02 Nov A guide to Far North Queensland in a bell tent
Words and photos by Angie Davis
360° video camping in Far North Queensland
There’s only so long a gypsy can ‘settle’ in one place. The nomadic lifestyle is made even easier when your tent packs down into a little duffle, can be strapped on the roof, and pitches easily by one person in under 20 minutes. After a month in the new Gypsy Palace, we were ready to explore the north and hit the road as eager as kids in a candy store with our gypsy wagon on wheels.
In a space of three weeks, we pitched our Psyclone Bell Tent some 14 times, covering over 8,000 kilometres of ground, and sea, in our ever-efficient hybrid car. In a bid to save money and explore the road less travelled, we would head inland each afternoon to find camp in the bush, and were rewarded with serene landscapes, epic swimming holes and loads of wildlife.
If you’re thinking of doing a trip north in your bell tent, save this article, start packing, and read it on the way. Here are a few tips once you hit the road:
The bible of camping apps, you’ll want this one on hand each day when you’re mapping out your route and semi-pre-planning your upcoming night’s campsite. Loaded with a spectrum of campsites, bush and commercial and caravan parks, WikiCamps was our lifeline and I spent a good deal of time researching camps, reading through recent reviews, and checking out the user-uploaded photos to make sure we were getting the most out of our camping adventure. The app also lets you know which camps are accessible by standard vehicle or 4WD, information that saved our butts more than once.
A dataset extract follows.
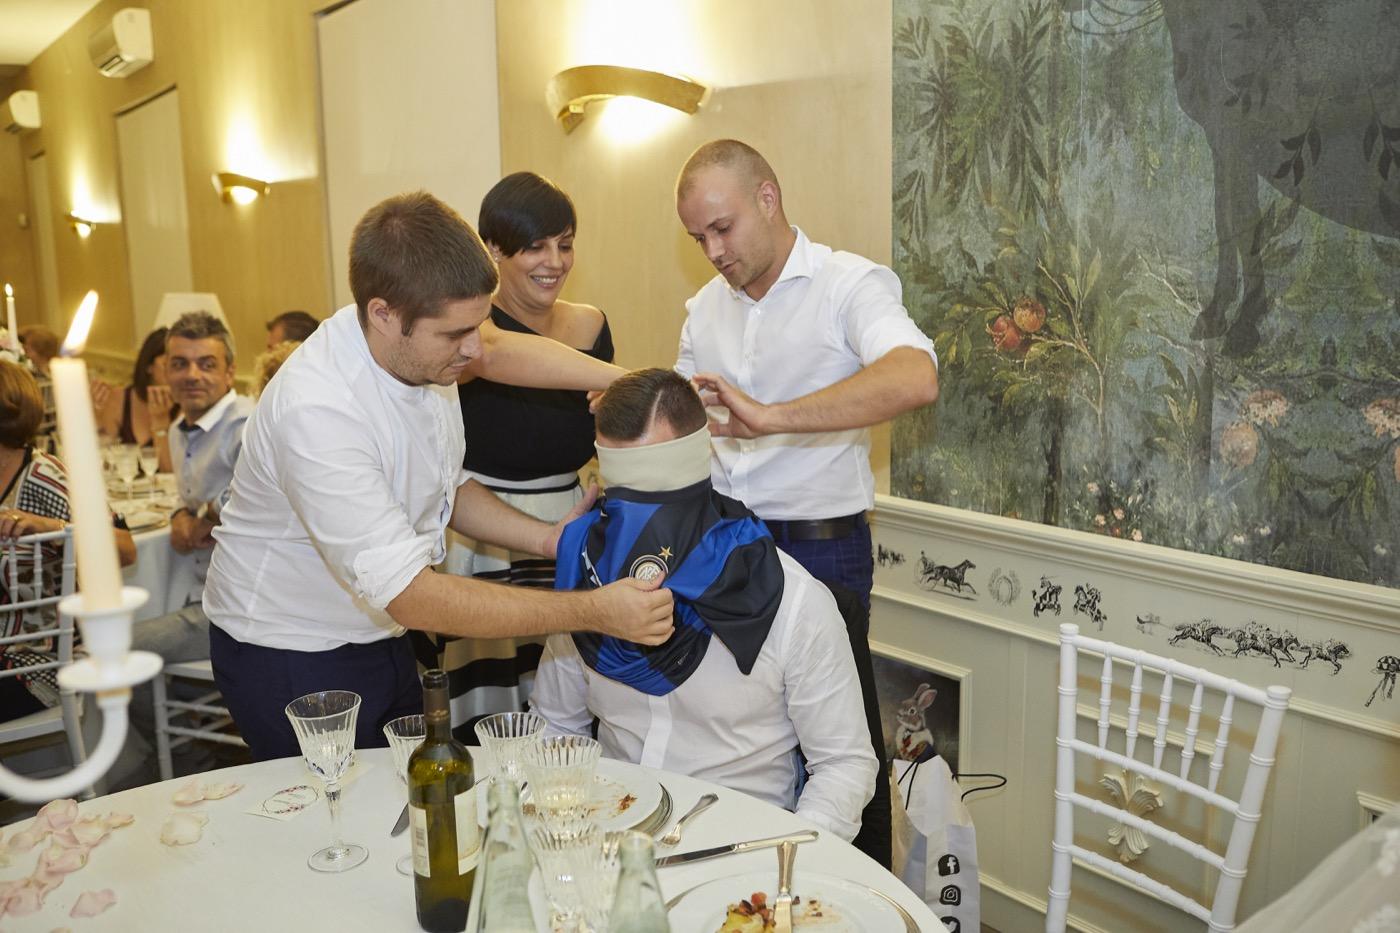 Claudio-Coppola-wedding-photographer-la-scuderia-eventi-preparativi-la-rosetta-perugia-84

Queensland National Parks Registration
Growing up in South Australia, I don’t recall having to pre-book for camping in national parks and forests, but you certainly do in Queensland and as many campsites are numbered and reserved for pre-booked campers only (and well policed by the rangers) you are best to register ahead of your trip.
Some of the popular campsites will even book out days in advance depending on the time of year, although we managed to find space in each campsite by only booking a few hours ahead of arrival. Take note that you might not get mobile reception in various regions and thus if you’ve chosen on your map or WikiCamps where you want to camp for the night, jump on your phone and register your spot before you leave a major town or good mobile coverage.
Many of Queensland’s national parks and forests will not allow you to use scavenged wood from inside the parks as firewood and you are required to bring your wood in from outside the park. Rangers regularly patrol the areas so be mindful if you are thinking about having a fire and collect some wood on your journey into the national parks.
Be aware of weather conditions, particularly strong wind warnings, but in still camps you can really make the most of your fire for cooking and warming up your tent before you go to bed at night. Don’t pitch your tent too close and use common sense around fires, but if you are conscious of optimising the benefits of a fire before you pitch your tent then you can really live it up glamping in the bush in your bell tent.
Camping in commercial parks
We mostly avoided commercial parks as we prefer the serenity and landscapes of the bush, however we did sneak a few nights in at the resort-style Big 4 Whitsundays caravan park in Airlie Beach. If you are planning to set up and settle for a few days in a commercial park, plan ahead. The popular parks are not over generous with ground space, and even if you’ve booked an unpowered site you might have an unpleasant surprise when you arrive to find your grass site is not big enough for the width of your bell tent and more often than not these parks are at full capacity – especially during the dry season when we visited – and cannot accommodate for your larger tent.
Also, many powered sites are set upon fake grass where you are unable to bang in your tent pegs. It pays to call ahead, weeks if need be, and be very transparent with the dimensions of your tent, your vehicle size and that you will be requiring a grass or dirt space to pitch your bell tent.
Whereever you can, be spontaneous. Travelling light and having a good pack down and setup routine will enable you to have more of an adventure. The bell tent is so easy to put up and down – easier than many other smaller tents on the market – that you can truly live a nomadic lifestyle on your road trip in Far North Queensland.
We were on the hunt to find an Aboriginal elder who might be able to take us bush to cut our own didgeridoo, an idea that took us some few hundred kilometres and through three towns before we finally found ‘Joseph’, in Laura, who took us out that afternoon to hunt our didge. Leaving Laura late into the afternoon, we didn’t arrive out our next campsite until well into the night, but with the tent ready to put up as soon as we found a flat patch of grass with our headlamps we were all tucked in and sound asleep within 30 minutes of arriving.